DATA SECTION.
________________________________________

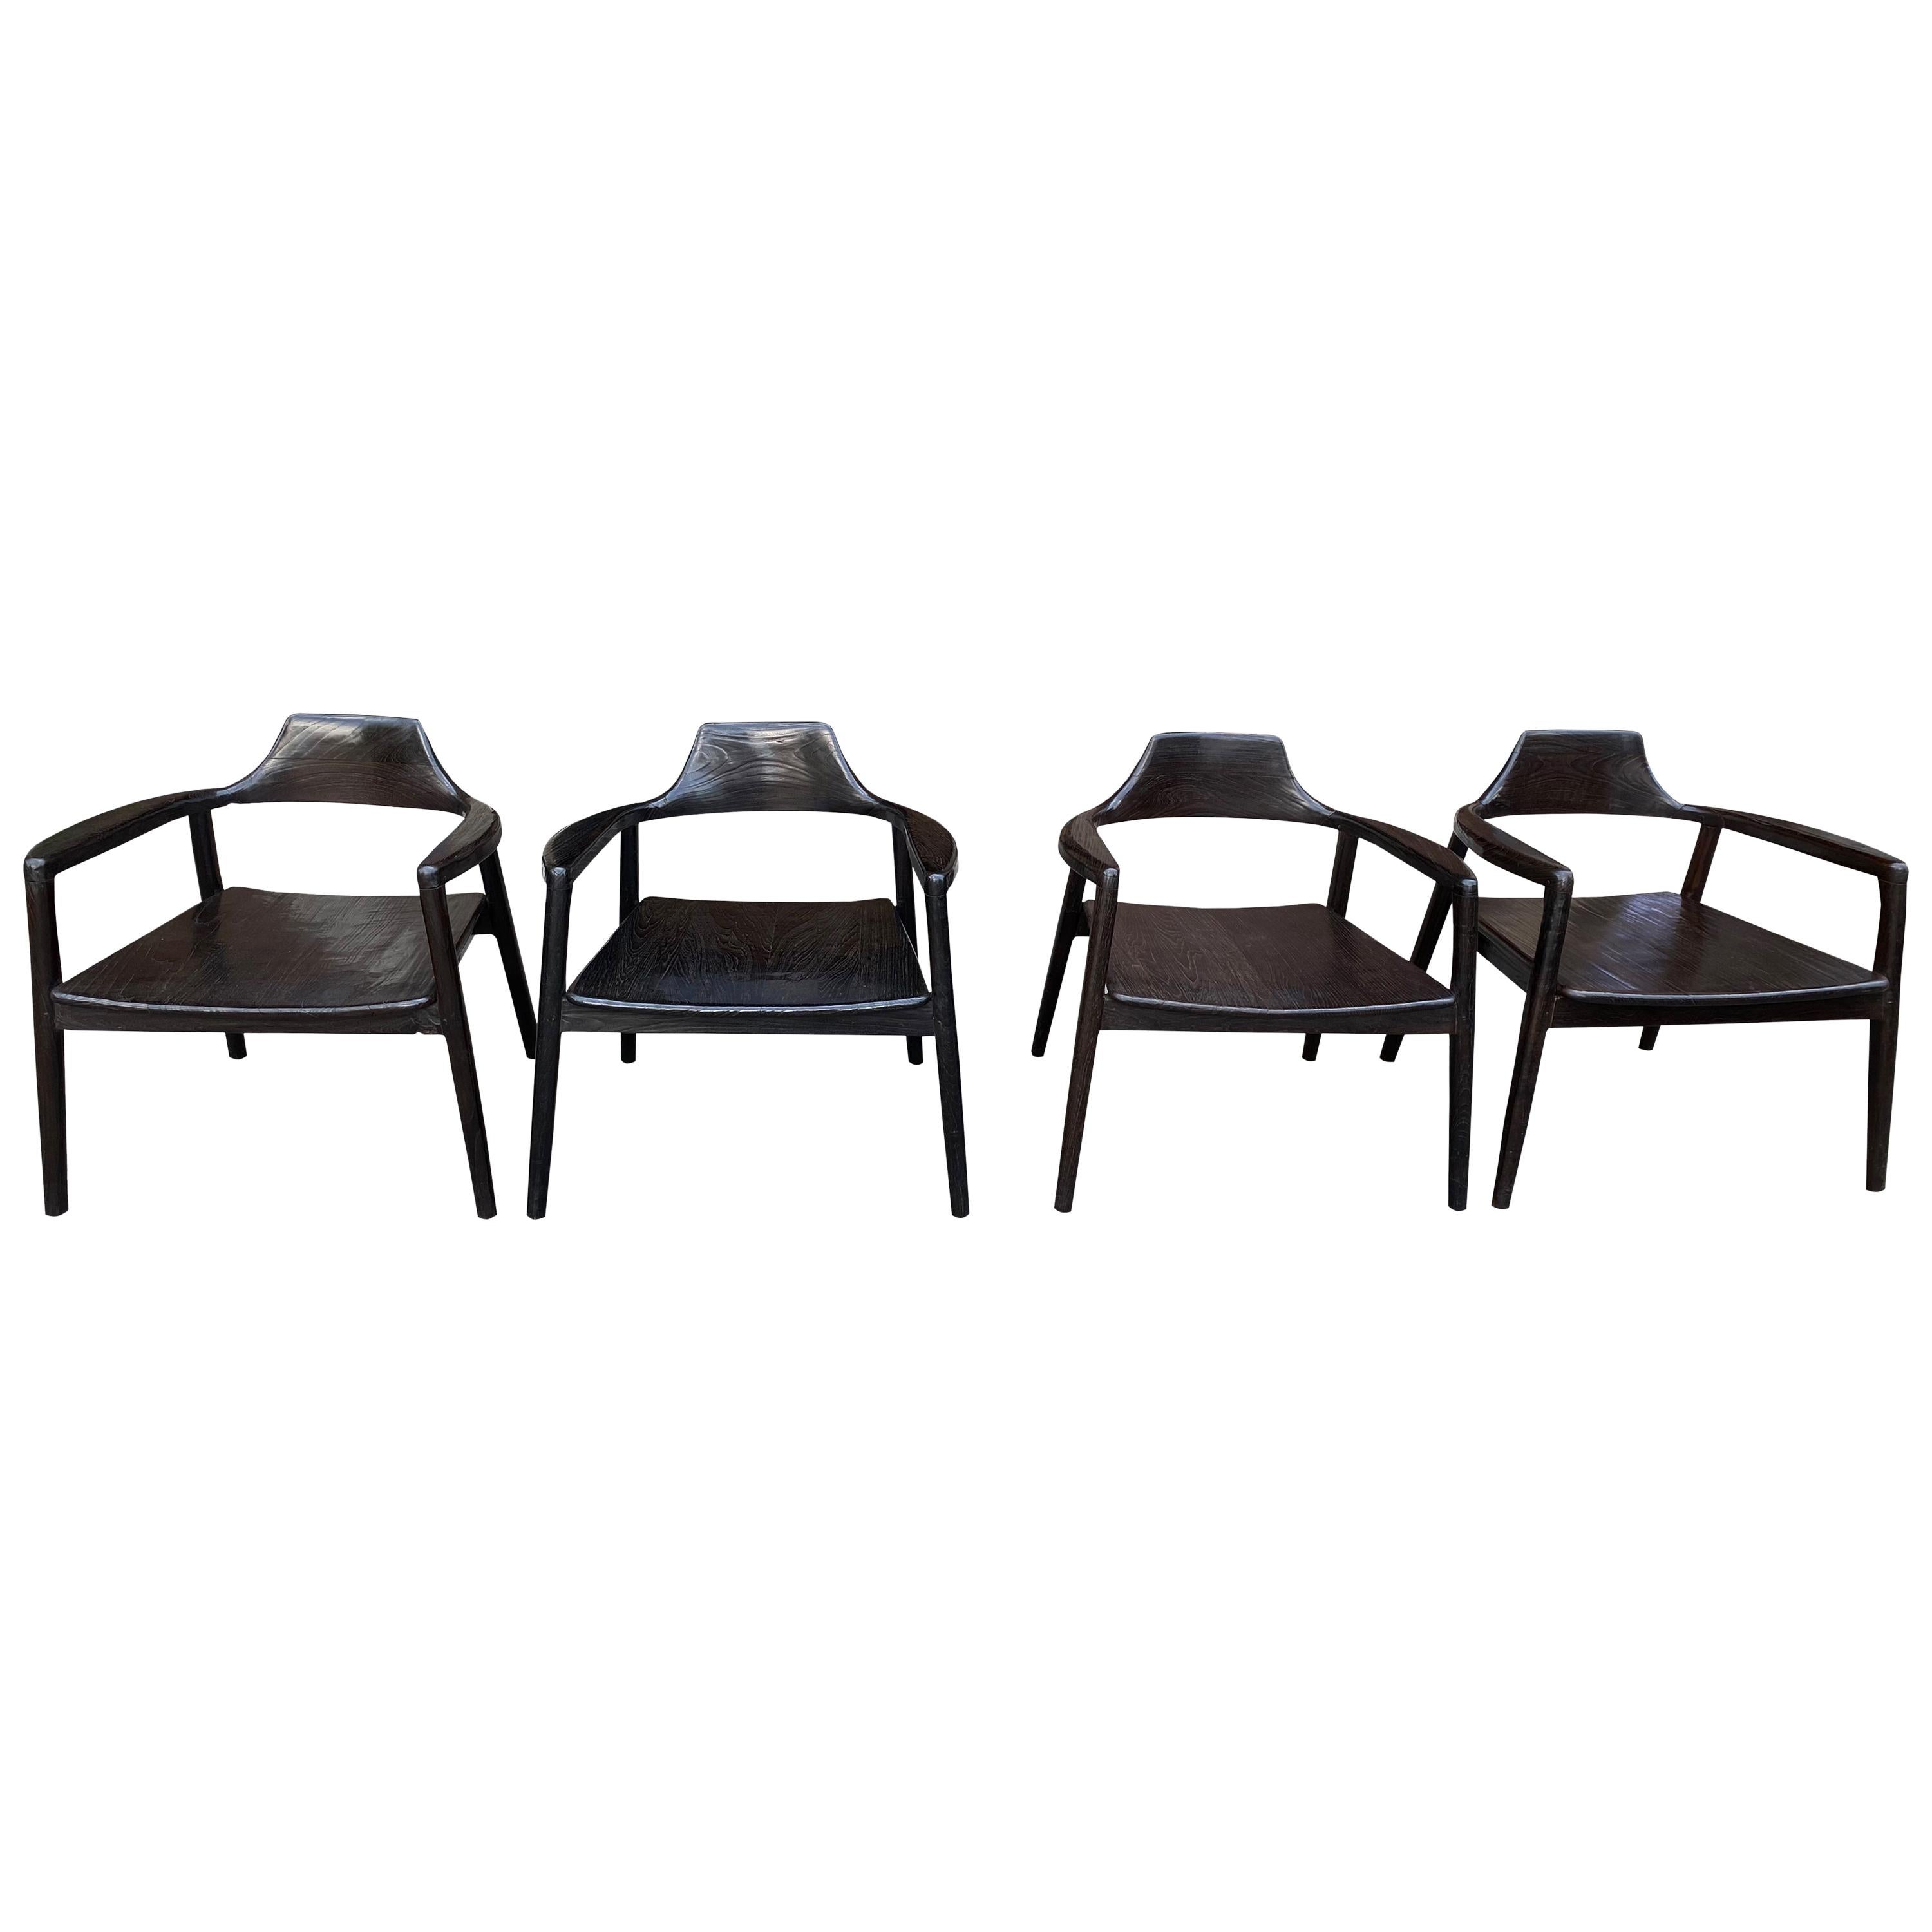 Andrianna Shamaris Midcentury Couture Set of Four Chairs
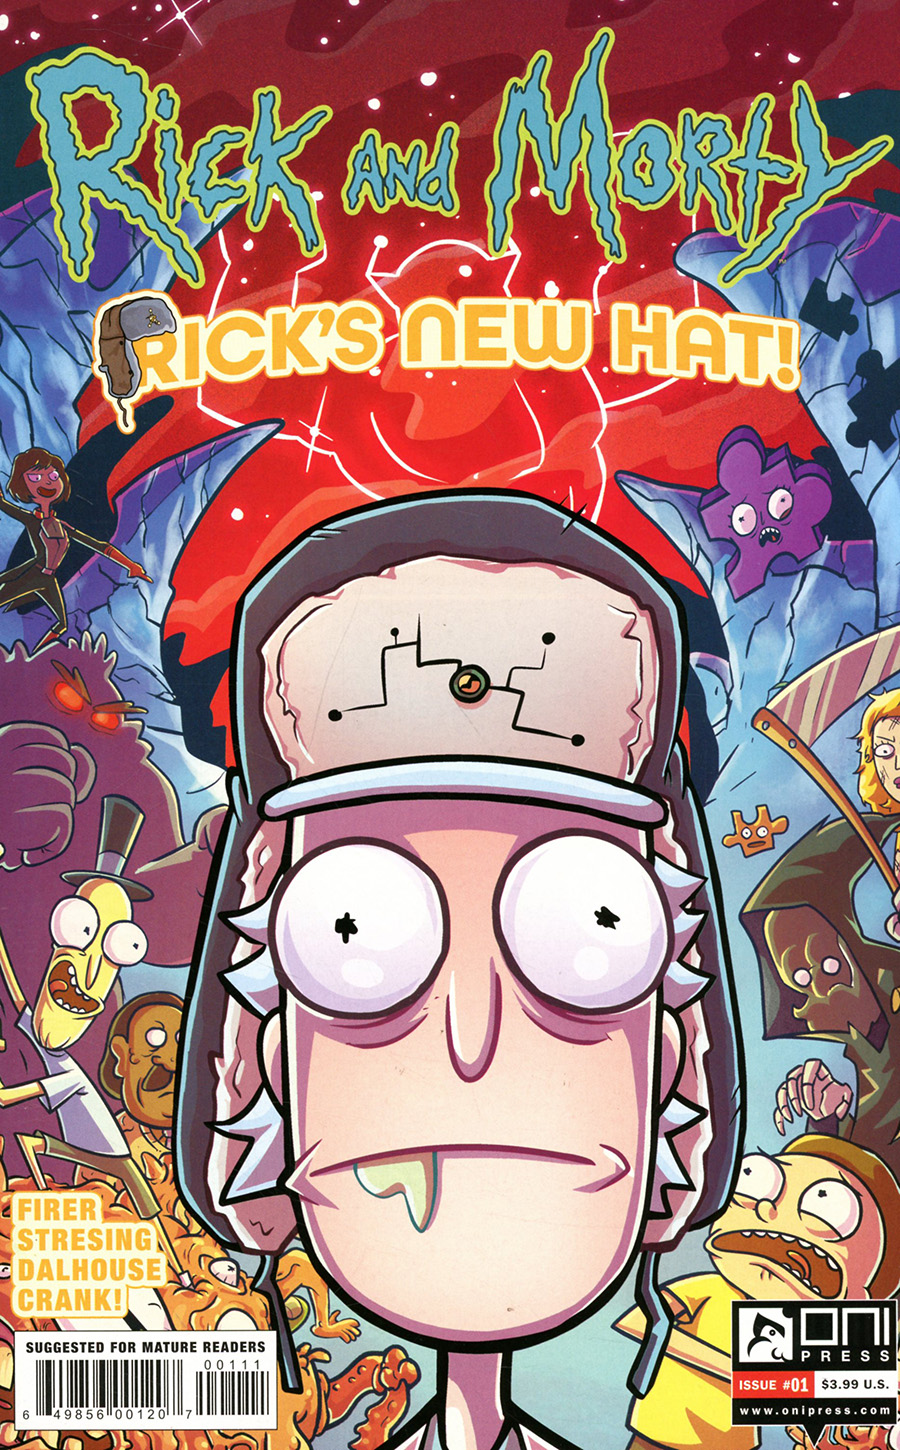 Rick And Morty Ricks New Hat #1 Cover A Regular Fred C Stresing Cover
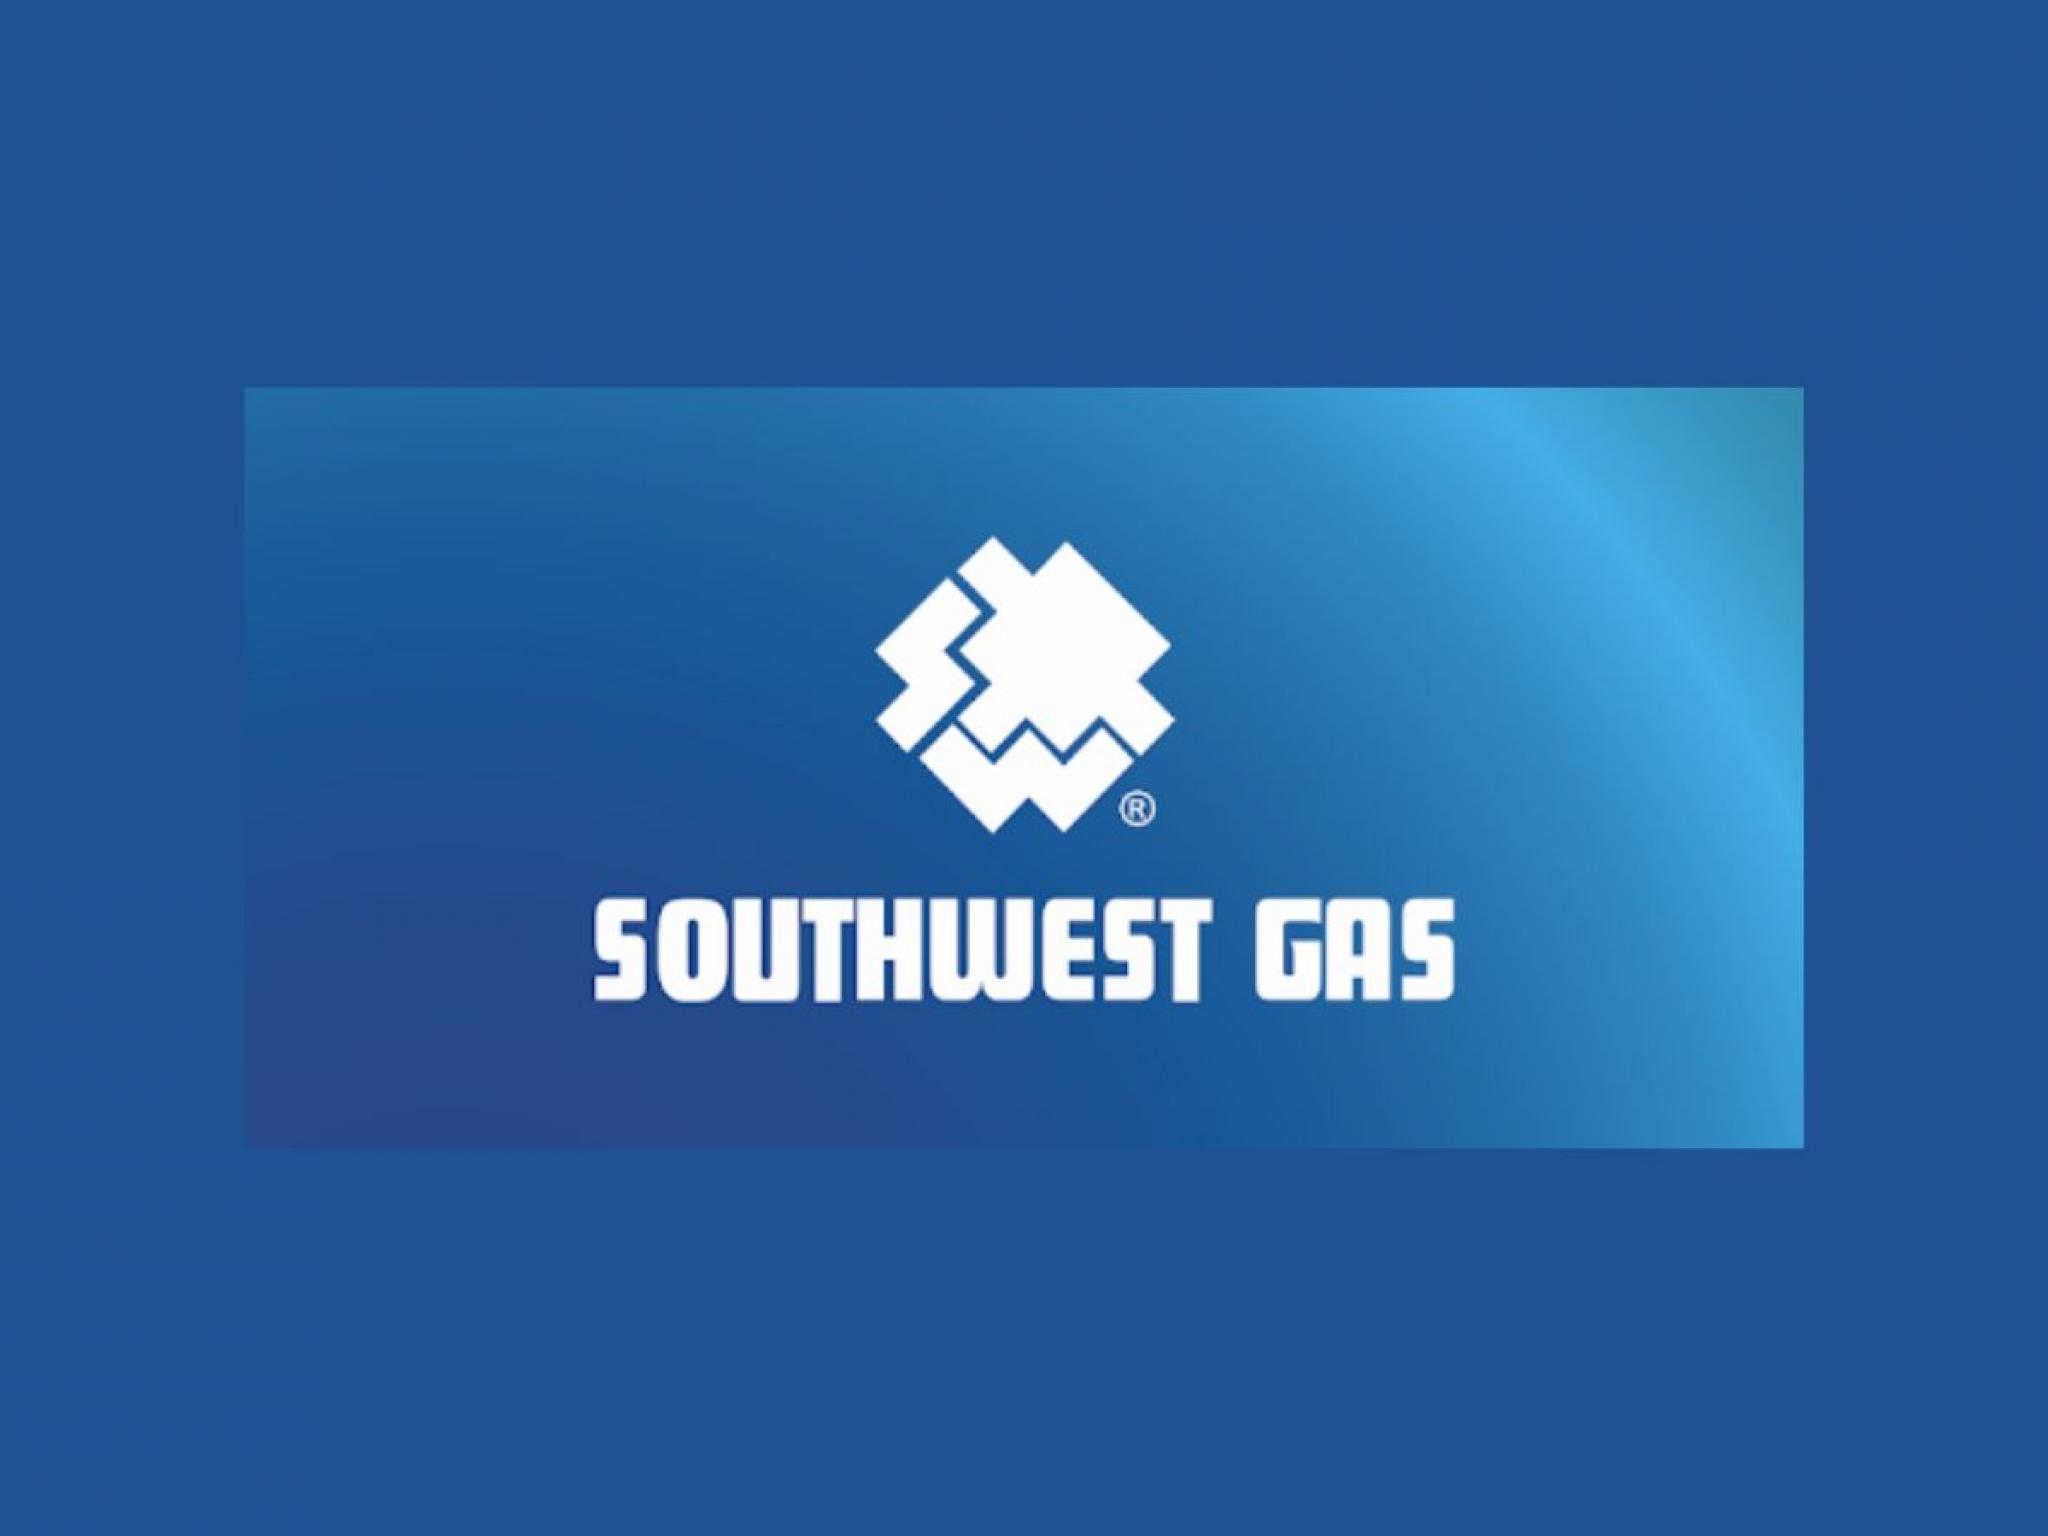  around-8m-bet-on-southwest-gas-holdings-check-out-these-4-stocks-insiders-are-buying

________________________________________

PROBLEM DETAILS. Retype the listing above exactly as it appears, omitting the pictures.

WRITTEN SOLUTION.
 Andrianna Shamaris Midcentury Couture Set of Four Chairs
 Rick And Morty Ricks New Hat #1 Cover A Regular Fred C Stresing Cover
  around-8m-bet-on-southwest-gas-holdings-check-out-these-4-stocks-insiders-are-buying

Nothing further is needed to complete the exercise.